__YOUR INSTRUCTIONS__.
Everything from the line holding "Nike Air Max 90 OFF-WHITE Black White (TD)" to the last line of the material below must be retyped exactly, minus any pictures.
*** INFORMATION PROVIDED Section Begins ***
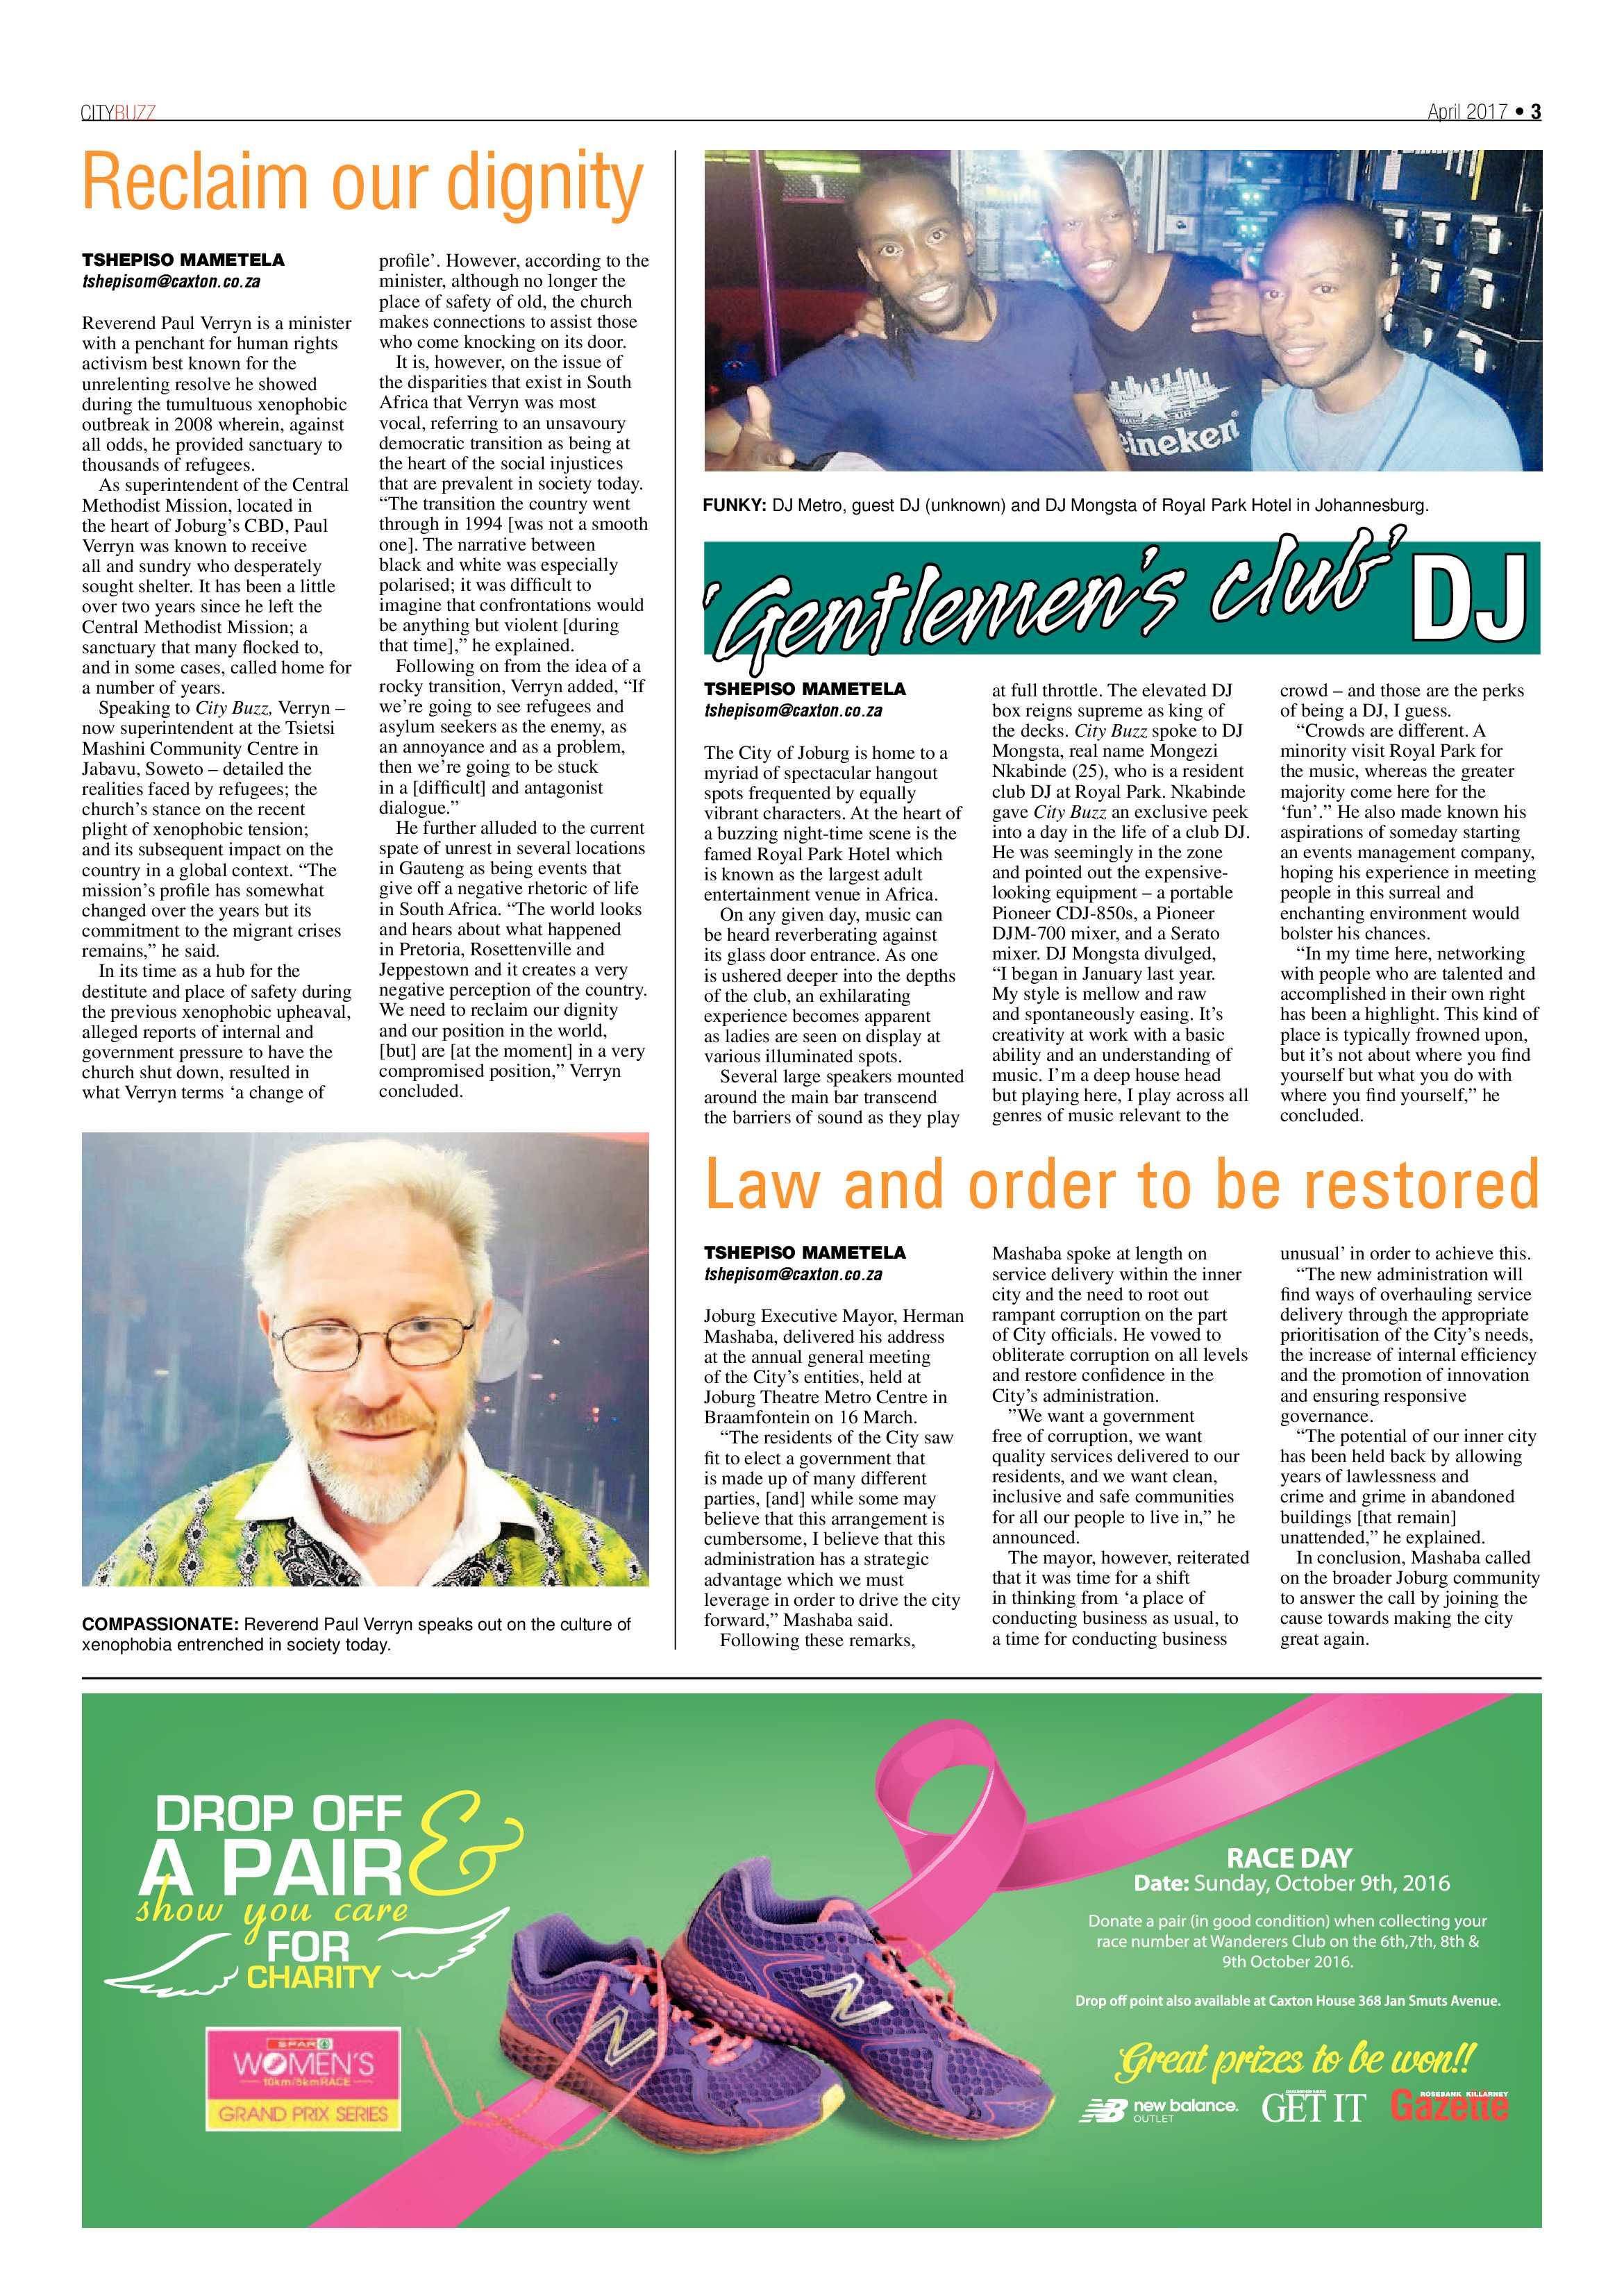 city-buzz-april-2017-epapers-page-3
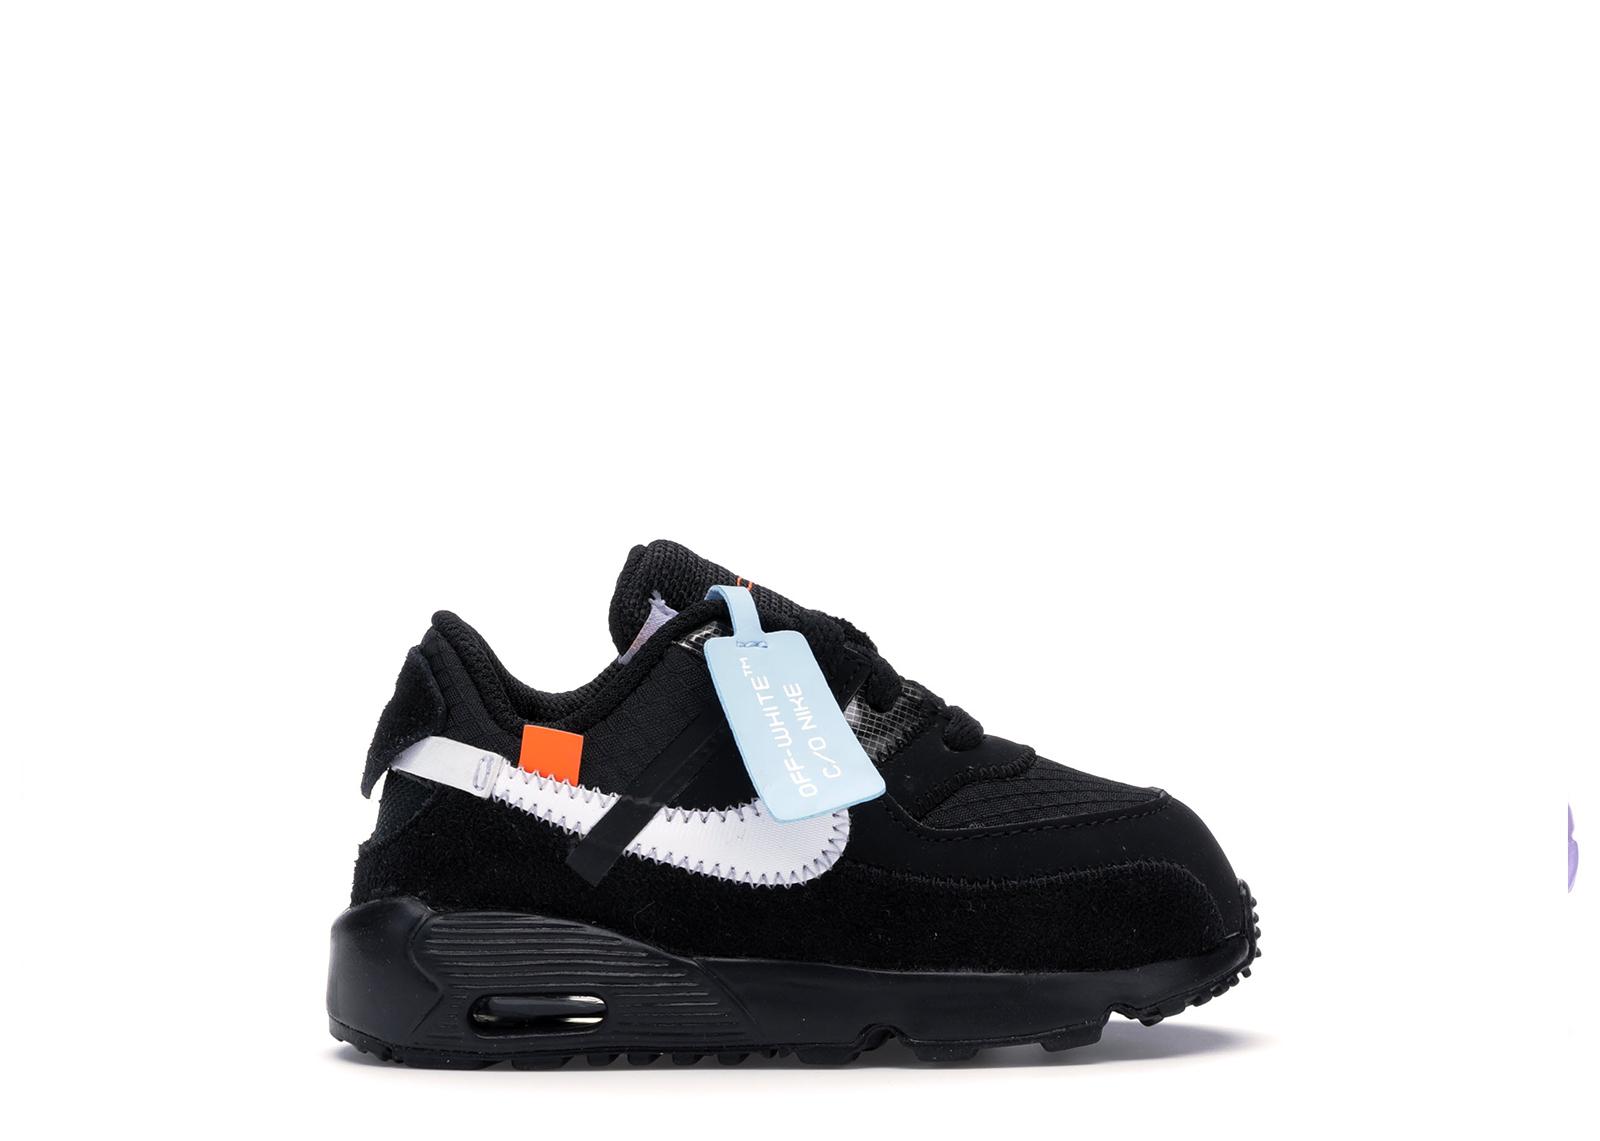 Nike Air Max 90 OFF-WHITE Black White (TD)
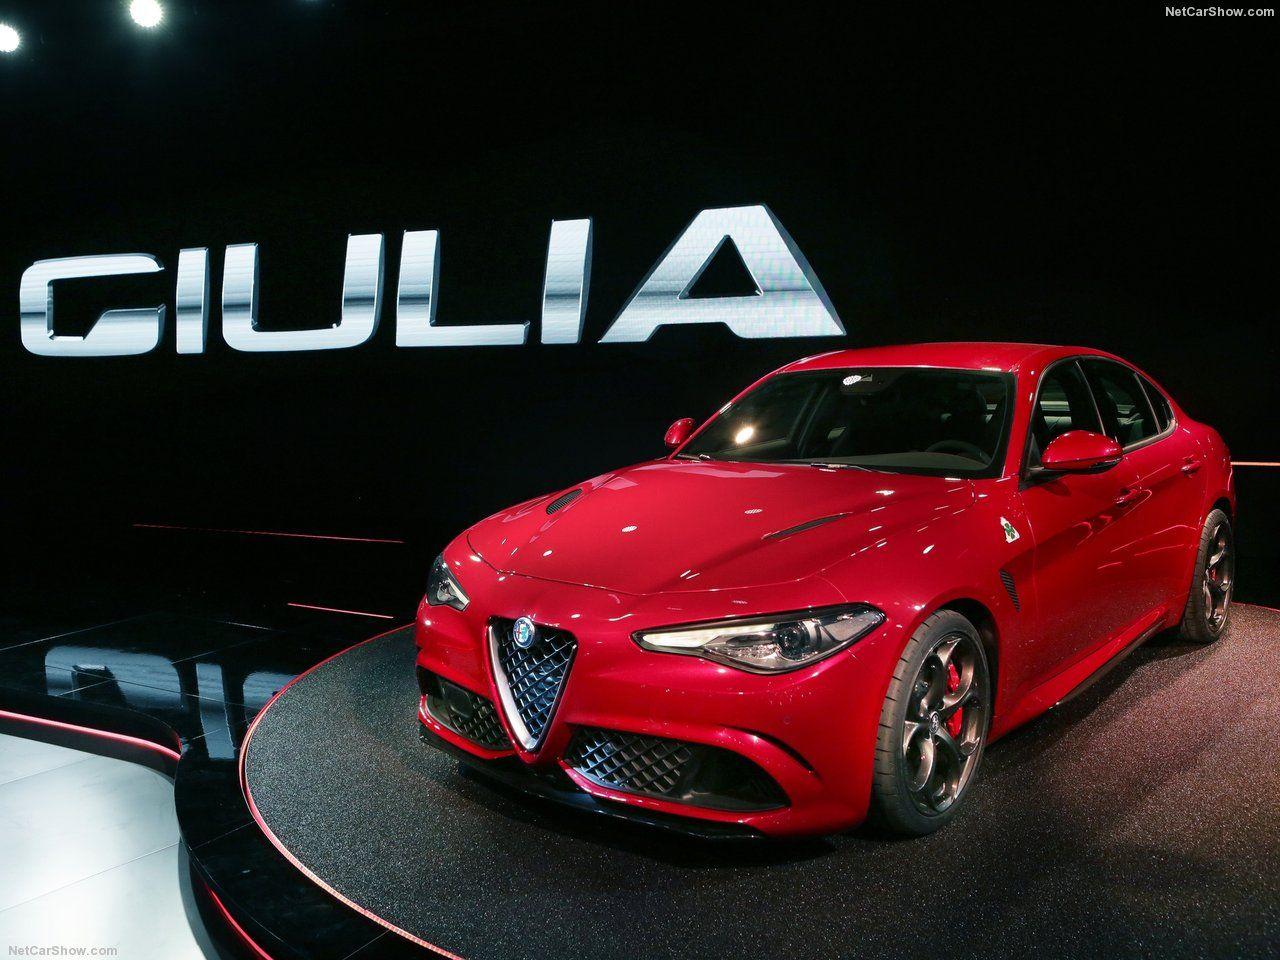 The New Giulia This Is An Alfa Alfa Romeo Giulia Alfa Romeo Giulia Quadrifoglio Alfa Romeo
*** INFORMATION PROVIDED Section Ends ***
__SOLUTION FOR THIS TASK__.
 Nike Air Max 90 OFF-WHITE Black White (TD)
 The New Giulia This Is An Alfa Alfa Romeo Giulia Alfa Romeo Giulia Quadrifoglio Alfa Romeo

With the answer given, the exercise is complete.